During the Siege of Vicksburg, Hains was cited for meritorious conduct (serving as the acting/interim chief engineer of the XIII Corps), and was awarded a brevet promotion to major upon the capture of the city, July 4, 1863. Promoted to captain in the Engineers on July 18, he served out the remainder of the war, and received a brevet promotion to lieutenant colonel for his service during the war.

Postbellum career

Hains remained with the regular army following the war, and was promoted to major in September 1870. Much of his notable post-war service was in designing lighthouses for the U.S. Lighthouse Board. Among other accomplishments, Hains designed the Morris Island and St. Augustine lighthouses. He was the chief engineer for the construction of The Morris Island Lighthouse at the entrance the harbor at Charleston South Carolina 1872-1876. He became a lieutenant colonel in 1886 and was promoted to colonel in August 1895. He designed the Tidal Basin in Washington, D.C., thus solving the drainage problems and foul smell of most of the Washington area marshlands. The tip of East Potomac Park is named Hains Point in honor of Peter Conover Hains.

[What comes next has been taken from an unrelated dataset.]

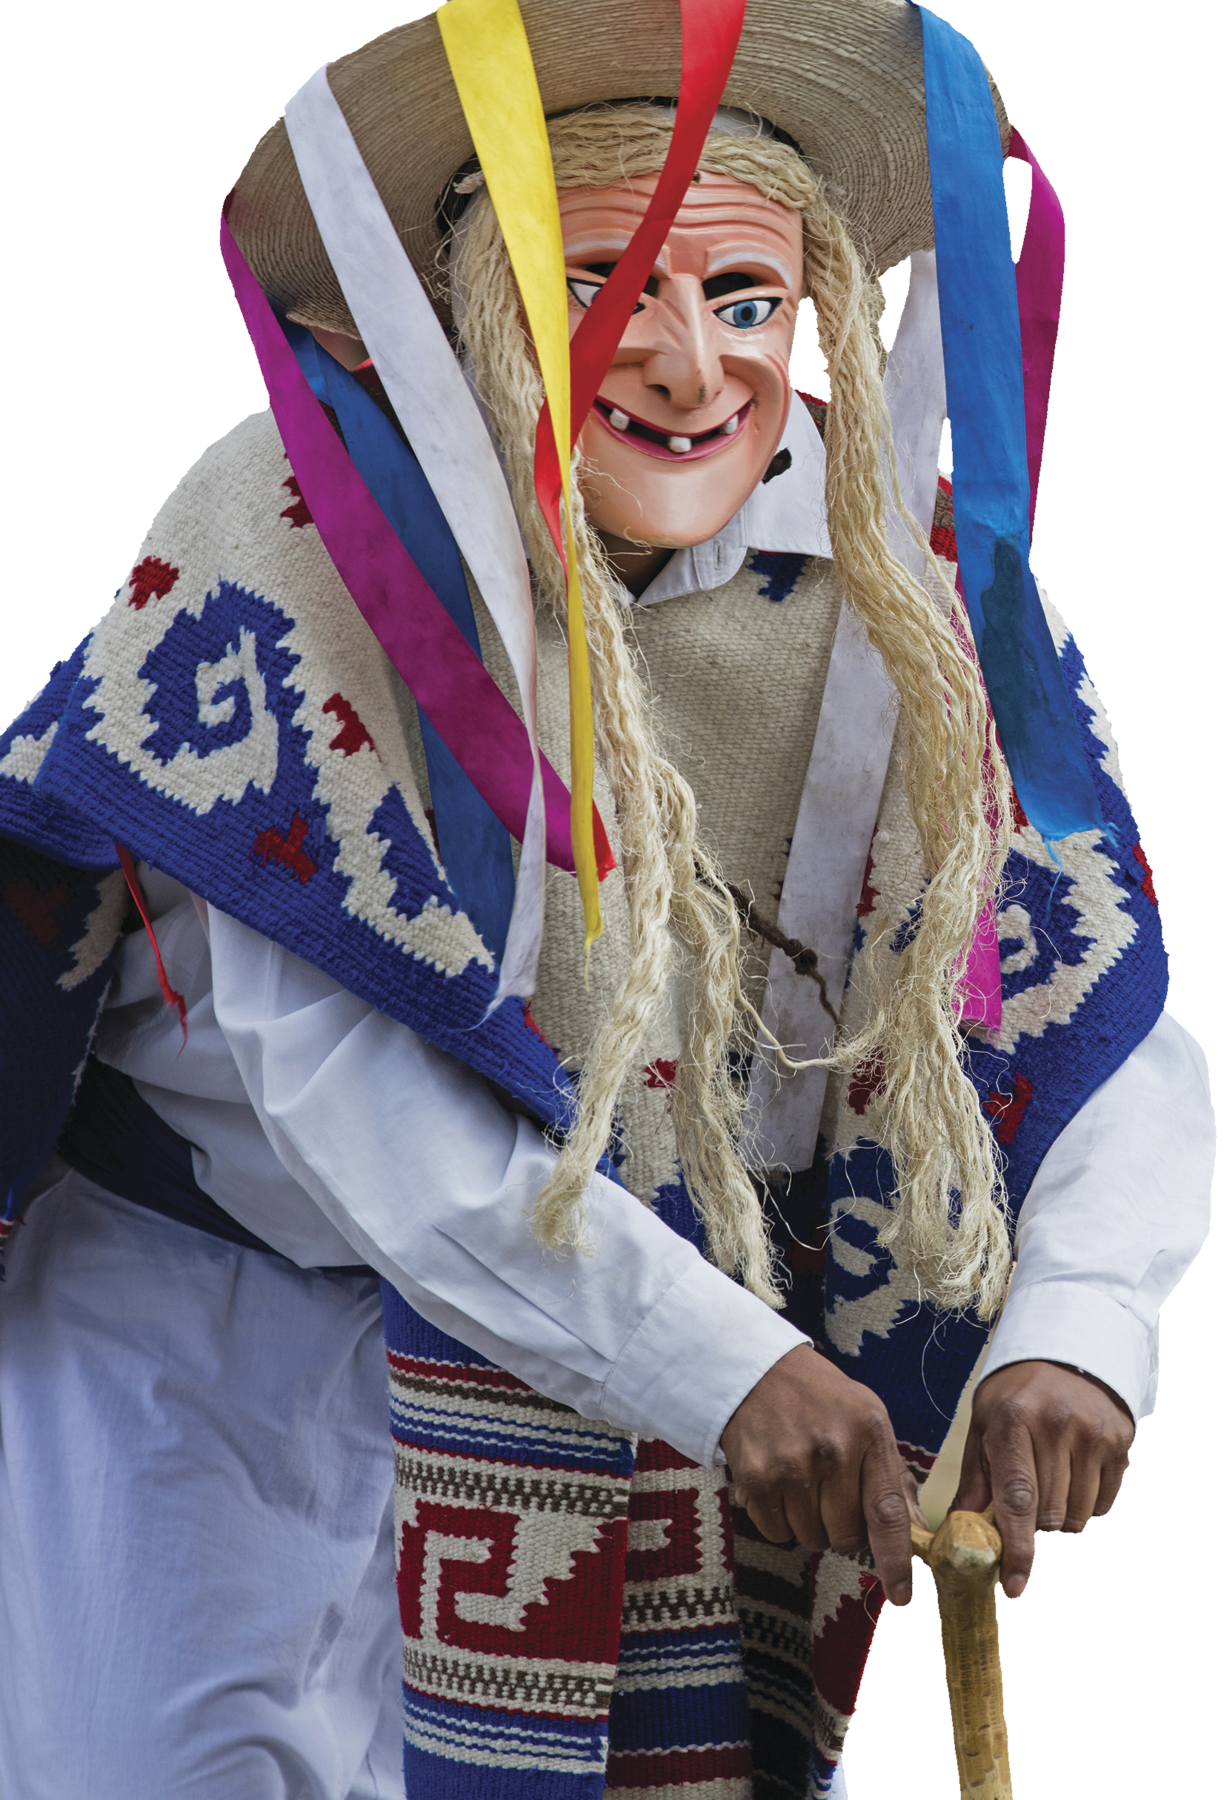 Fotografia. Detalhe de pessoa usando roupas brancas, uma máscara de idosa, com cabelos loiros feitos de palha e chapéu de palha com fitas coloridas que saem do topo do chapéu, e manto colorido. Ela está apoiada em uma bengala de madeira com as duas mãos.
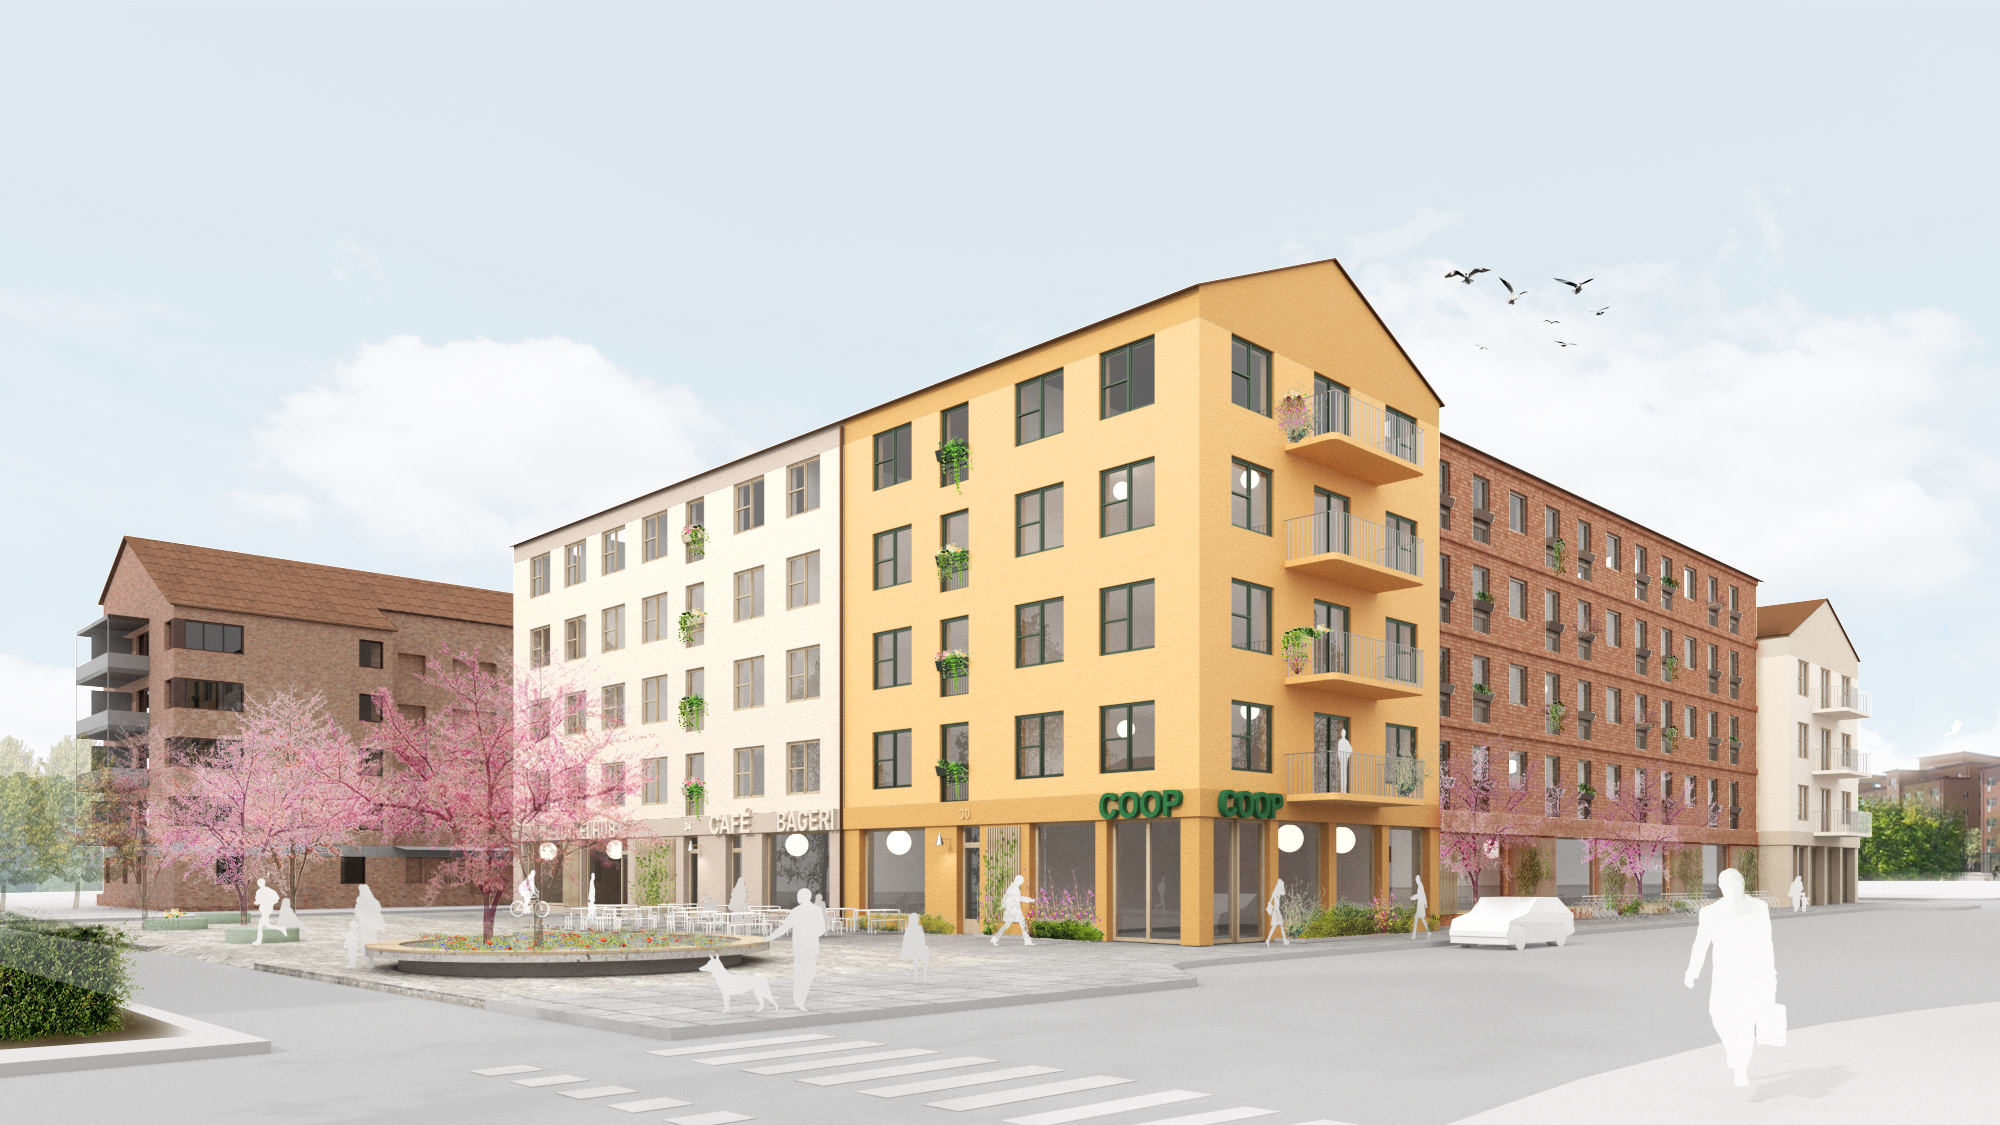 Illustration över hur Hindsgavl kan utvecklas enligt förslaget. Gula och tegelfärgade byggnader 4-5 våningar höga som är tänkta att smälta in i befintlig miljö.

Still in the Army during the Spanish–American War, Hains served as a brigadier general of volunteers from August to November 1898. He was promoted to brigadier general in the Regular Army on April 21, 1903. He successfully lobbied for the construction of the Panama Canal site over one proposed in Nicaragua.

Hains retired from active service in 1904, having reached the mandatory retirement age of 64.

Later life

On August 15, 1908, two of his three sons, Peter C. Hains II and Thornton Jenkins Hains, a well-known author of sea stories, were involved in the murder of William E. Annis at the Bayside Yacht Club, Long Island. The crime, and the subsequent separate trials for the brothers, became one of the notorious cases of its day, front-page news across the country. Thornton was acquitted in January 1909; Peter was convicted of manslaughter in May 1909 and sent to Sing Sing, but, on General Hains' appeal, was pardoned by the Governor of New York in 1911. The General spent much of his savings financing the defense of his sons.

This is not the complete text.